── DATASET SECTION
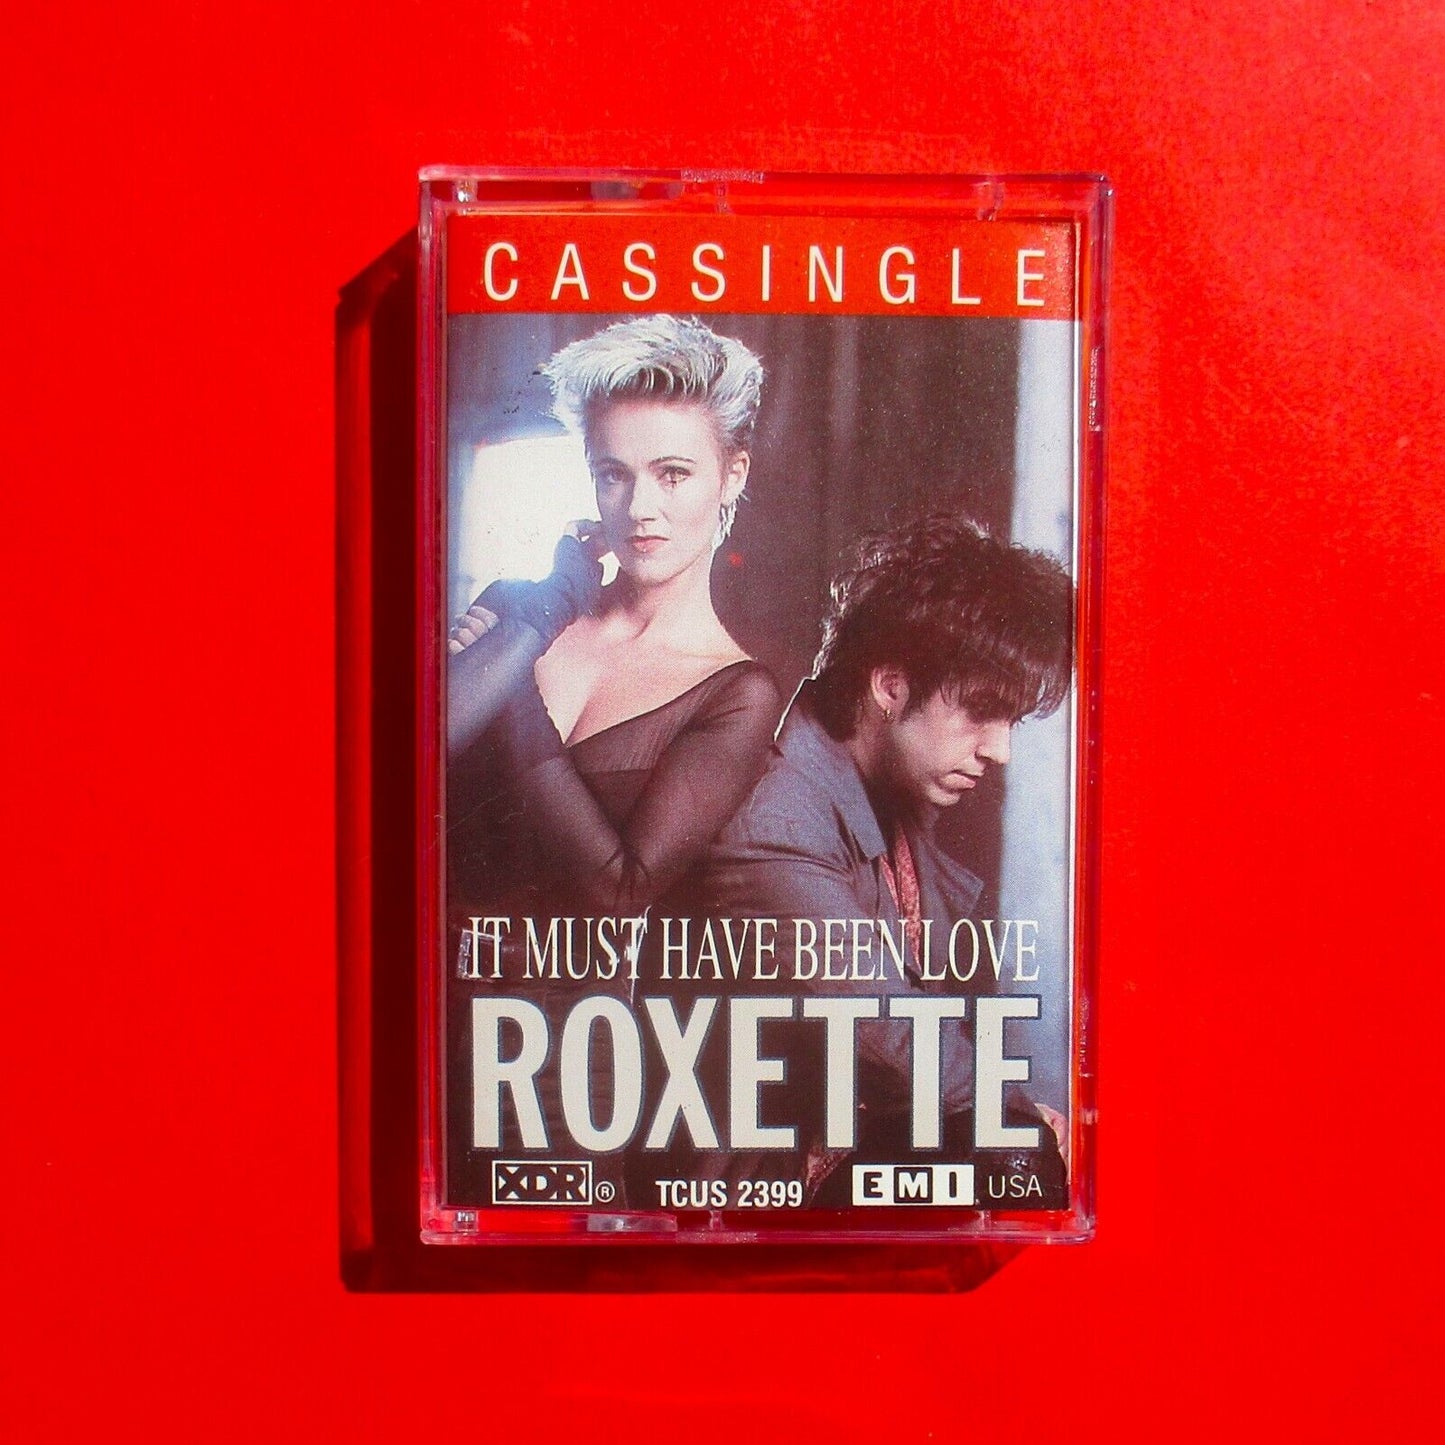 Roxette ‎It Must Have Been Love 1990 Yellow Cassette Single
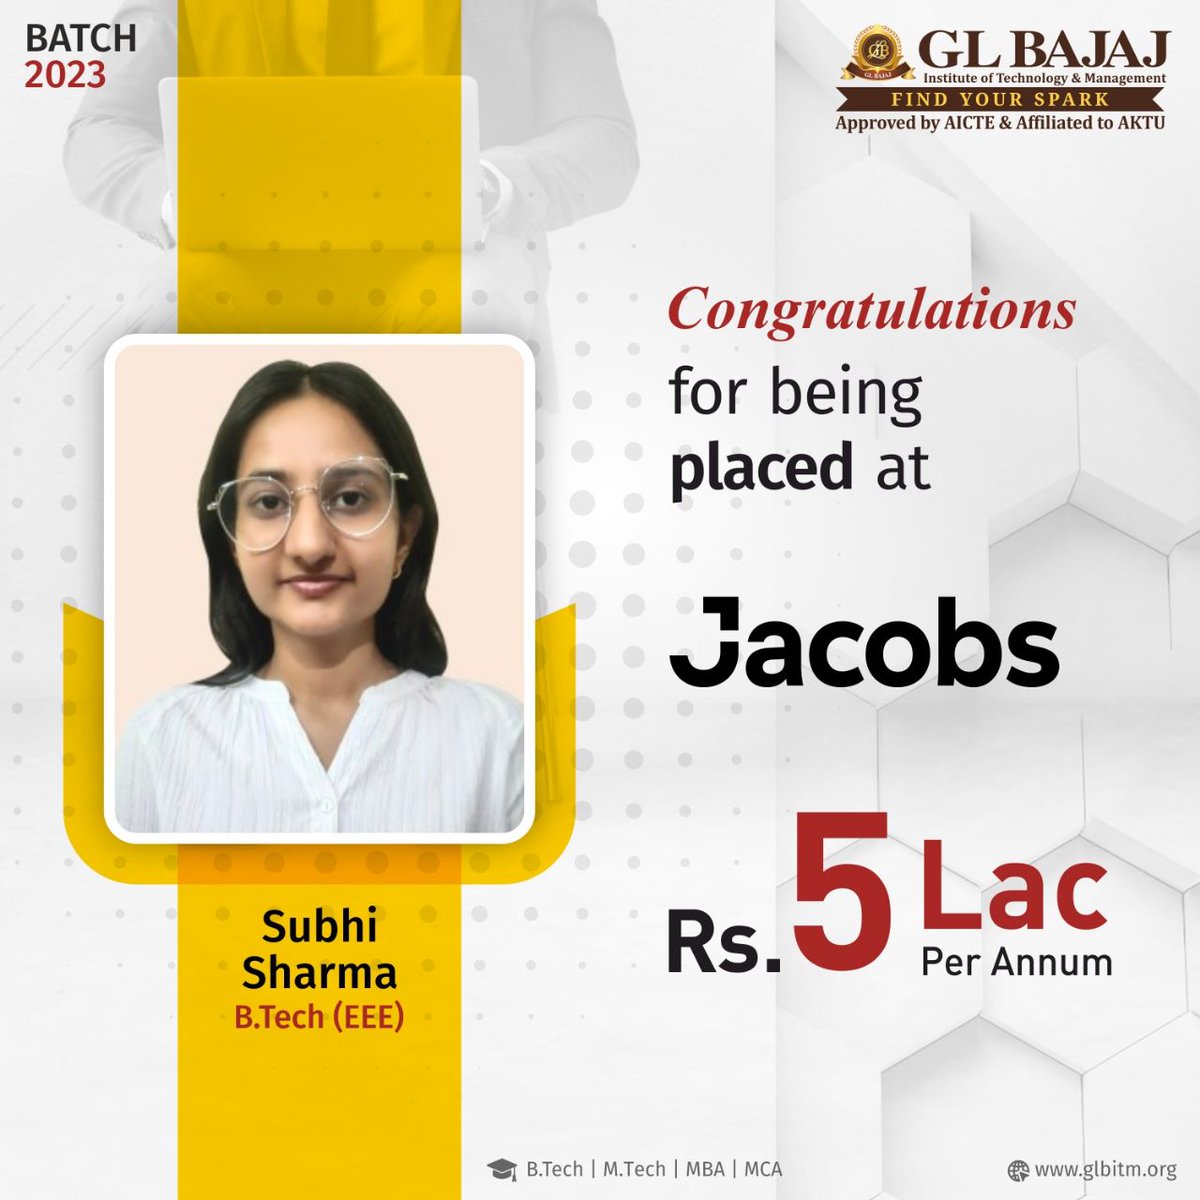 #GLBajaj(GLBITM) is proud to announce the placement of its bright student Subhi Sharma, B.Tech EEE Batch 2023 in one of the leading technology firms Jacobs.
#collegeplacement #campusplacement #bestcollege #bestplacement #job #recruitment #placements2023
────
### TASK TO CARRY OUT
Starting with the line that holds "#GLBajaj(GLBITM) is proud", copy every line exactly through the final line of the material, but skip the pictures.

### RESULT OF THIS TASK
 #GLBajaj(GLBITM) is proud to announce the placement of its bright student Subhi Sharma, B.Tech EEE Batch 2023 in one of the leading technology firms Jacobs.
#collegeplacement #campusplacement #bestcollege #bestplacement #job #recruitment #placements2023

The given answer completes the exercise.